The rate capability and cycling performance are summarized in Fig. 4. Various current densities (i.e., 0.05C, 0.1C, 0.2C, 0.5C, 1C, 2C, 5C and 10C) were employed to evaluate the rate capability. With an increase in charge/discharge current density, the plateaus become shorter and vaguer, and the plateau voltage difference between the charge and discharge increases gradually for electrode polarization at high current densities.^25,26 A discharge capacity as high as 92.0 mA h g⁻¹ was obtained at a current density of 0.05C, which is very close to the theoretical capacity of Na₇V₄(P₂O₇)₄(PO₄) (92.8 mA h g⁻¹). Although the discharge capacity declines with an increase in current density, 78% of the theoretical capacity (70.2 mA h g⁻¹) is still realized at a current density of 10C. The superb rate capability of the NVPP nanorods can be attributed to their high purity and well-defined morphology. The nanorods of the material stack closely and crisscross with each other, forming pores and electron transport pathways which are available for short sodium-ion diffusion pathways as well as large electron transfer areas enabling rapid sodium-ion extraction and insertion. The long-term cycling performance at a current density of 0.5C is shown in Fig. 4b. The capacity retention after 300 cycles is 92.1% (81.4 mA h g⁻¹). Therefore, the high cycling stability results from the excellent structural stability. The good electrochemical performance of the 1D nanostructured NVPP can be attributed to its favorable structural and morphological characteristics.
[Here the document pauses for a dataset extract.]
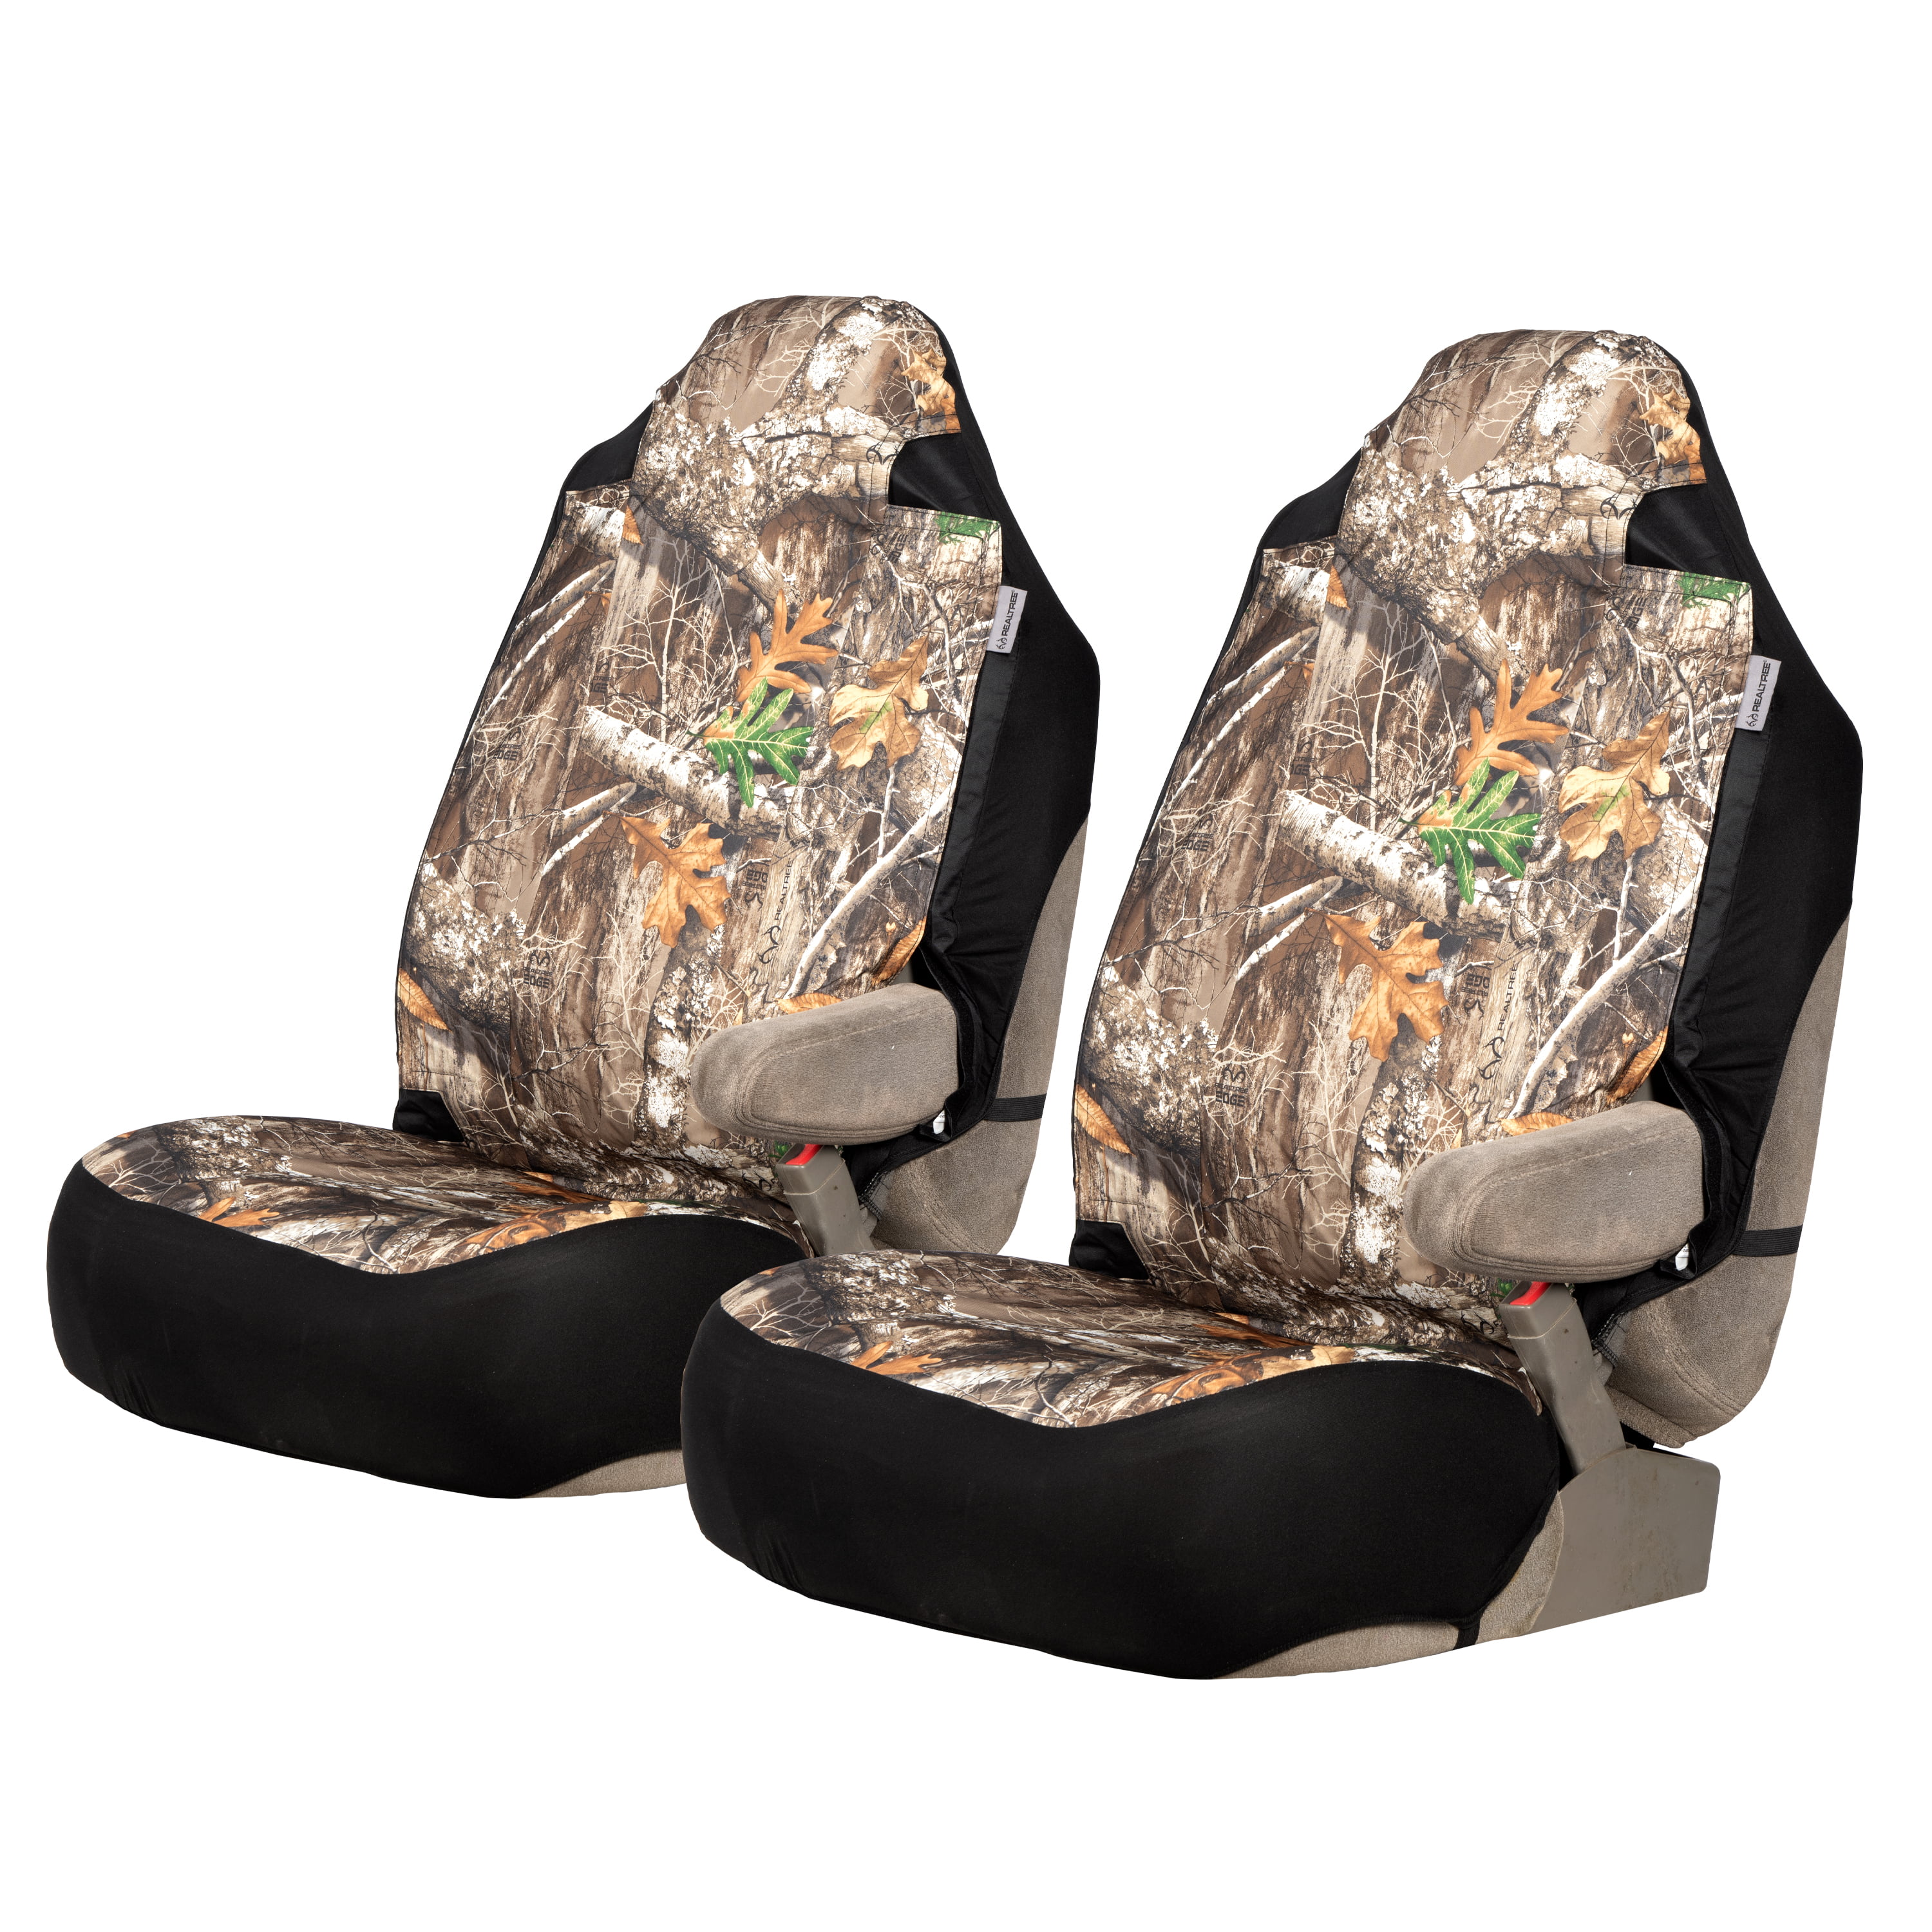 Signature Products Group MSC4409 Mossy Oak Camo Universal Bucket Seat Cover Mossy Oak Infinity Camo, Heavy-Duty Polyester Fabric, Sold Individually SPG

Fig. 4 (a) The galvanostatic discharge capacity curves at different current densities in the voltage range 2.0–4.2 V (the inset is the corresponding charge/discharge curves at different current densities in the same voltage range). (b) The long-term cycling performance at 0.5C. Inset is the charge–discharge curves of the material at 0.5C in a voltage range of 2.0–4.2 V vs. Na⁺/Na.

4. Conclusion

We design an efficient and facile approach to prepare high-quality NVPP nanorods with a 1D nanostructure as high-performance cathode materials for sodium ion batteries by introducing Na₃PO₄ as a melt-salt medium and carefully controlling the temperature ramp, which is favorable for rapid sodium intercalation. Based on the XRD, SEM, and TEM results, the nanorod architecture with rectangular sides is revealed which enables good electrochemical performance in terms of large reversible capacity, superb rate capability, and high cycling stability in sodium ion batteries. CV tests obviously indicate that the existence of Na₅V₄(P₂O₇)₄(PO₄) as an intermediate phase offers the main capacity contribution to the overall electrochemical behavior. Furthermore, the high operating potential together with the excellent electrochemical performance makes the NVPP nanorods promising cathode materials for advanced sodium ion batteries.

Conflicts of interest

There are no conflicts to declare.

Acknowledgements

This work is financially supported by the National Natural Science Foundation of China (No. 61371021 and 61527818) and the National Science and Technology Project (2017YFB0102204). The authors also wish to thank Shanghai Aowei Technology development Co., Ltd.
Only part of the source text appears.